Add column sum as new column in PySpark dataframe
This was not obvious. I see no row-based sum of the columns defined in the spark Dataframes API.
Version 2
This can be done in a fairly simple way:
newdf = df.withColumn('total', sum(df[col] for col in df.columns))
df.columns
is supplied by pyspark as a list of strings giving all of the column names in the Spark Dataframe. For a different sum, you can supply any other list of column names instead.
I did not try this as my first solution because I wasn't certain how it would behave. But it works.
Version 1
This is overly complicated, but works as well.
You can do this:
- use
df.columns
to get a list of the names of the columns - use that names list to make a list of the columns
- pass that list to something that will invoke the column's overloaded add function in a fold-type functional manner
With python's reduce, some knowledge of how operator overloading works, and the pyspark code for columns here that becomes:
def column_add(a,b):
return a.__add__(b)
newdf = df.withColumn('total_col',
reduce(column_add, ( df[col] for col in df.columns ) ))

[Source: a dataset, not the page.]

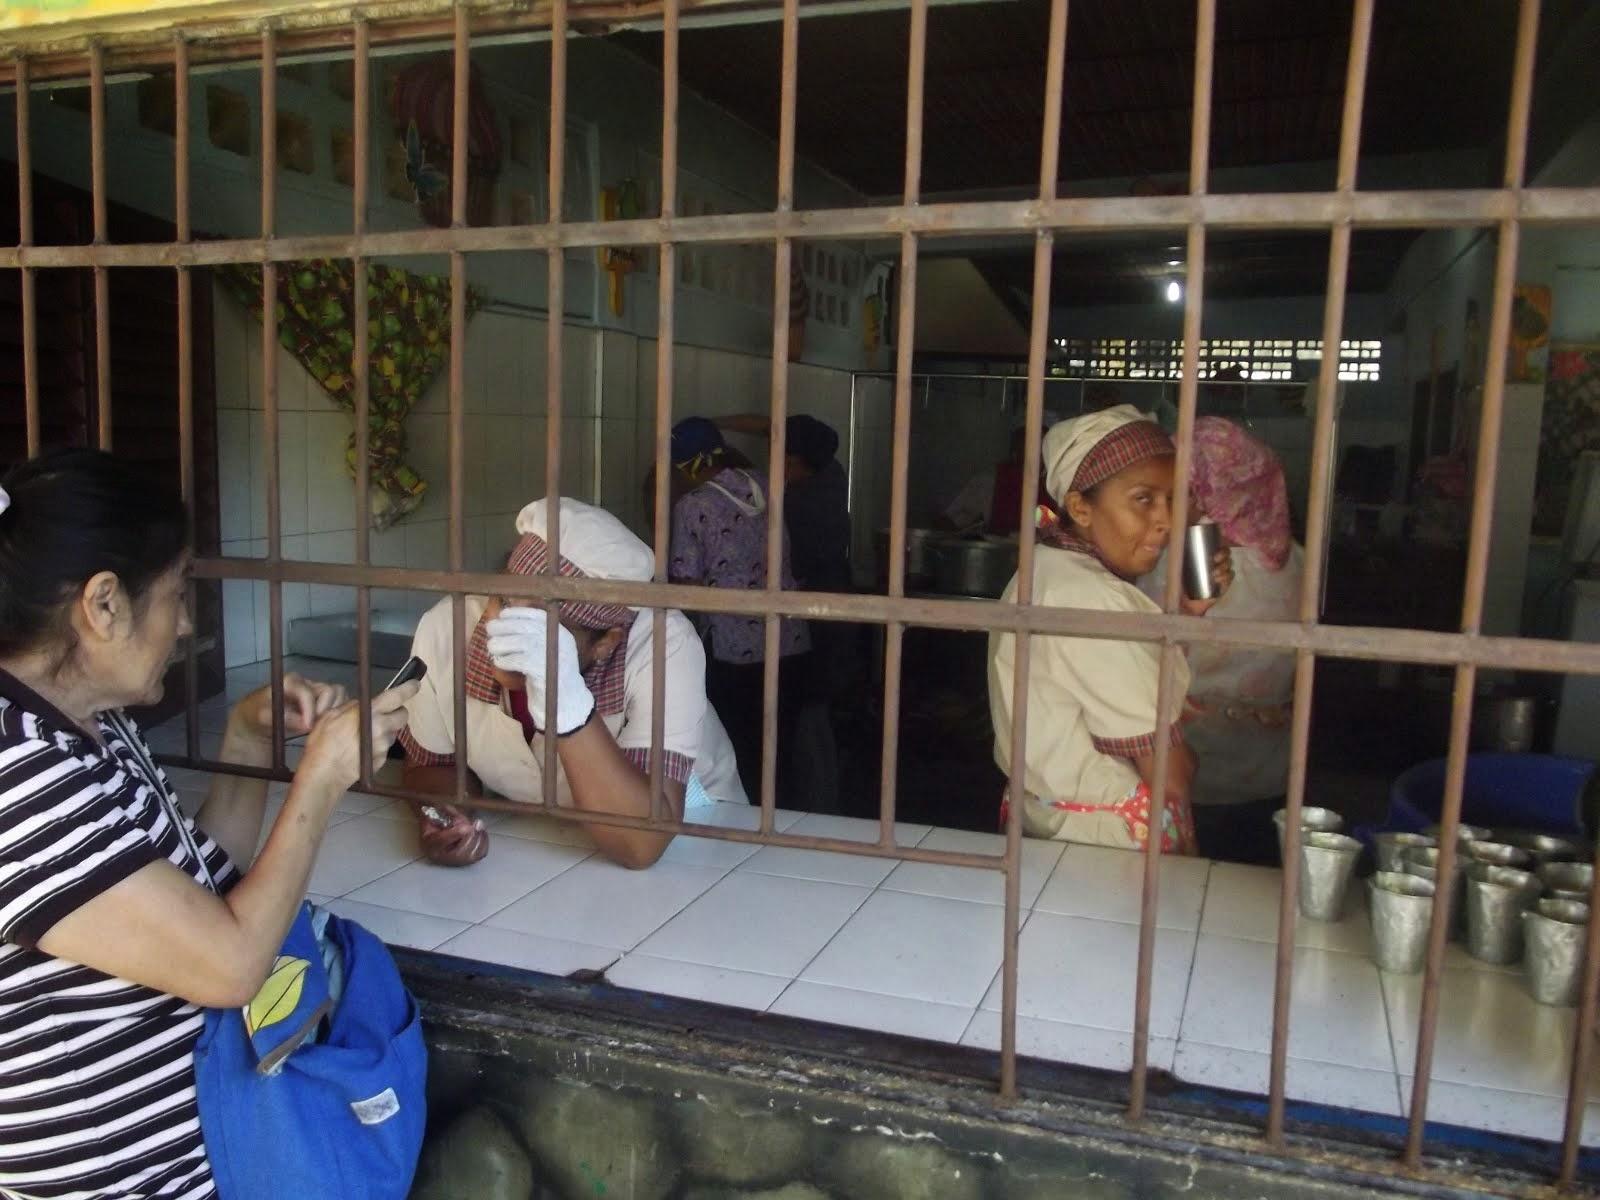 MADRES MANIPULADORAS PREPARAN LOS ALIMENTOS PARA LOS 660 NIÑOS DE LA ESCUELA

Note this is a python reduce, not a spark RDD reduce, and the parenthesis term in the second parameter to reduce requires the parenthesis because it is a list generator expression.
Tested, Works!
$ pyspark
>>> df = sc.parallelize([{'a': 1, 'b':2, 'c':3}, {'a':8, 'b':5, 'c':6}, {'a':3, 'b':1, 'c':0}]).toDF().cache()
>>> df
DataFrame[a: bigint, b: bigint, c: bigint]
>>> df.columns
['a', 'b', 'c']
>>> def column_add(a,b):
... return a.__add__(b)
...
>>> df.withColumn('total', reduce(column_add, ( df[col] for col in df.columns ) )).collect()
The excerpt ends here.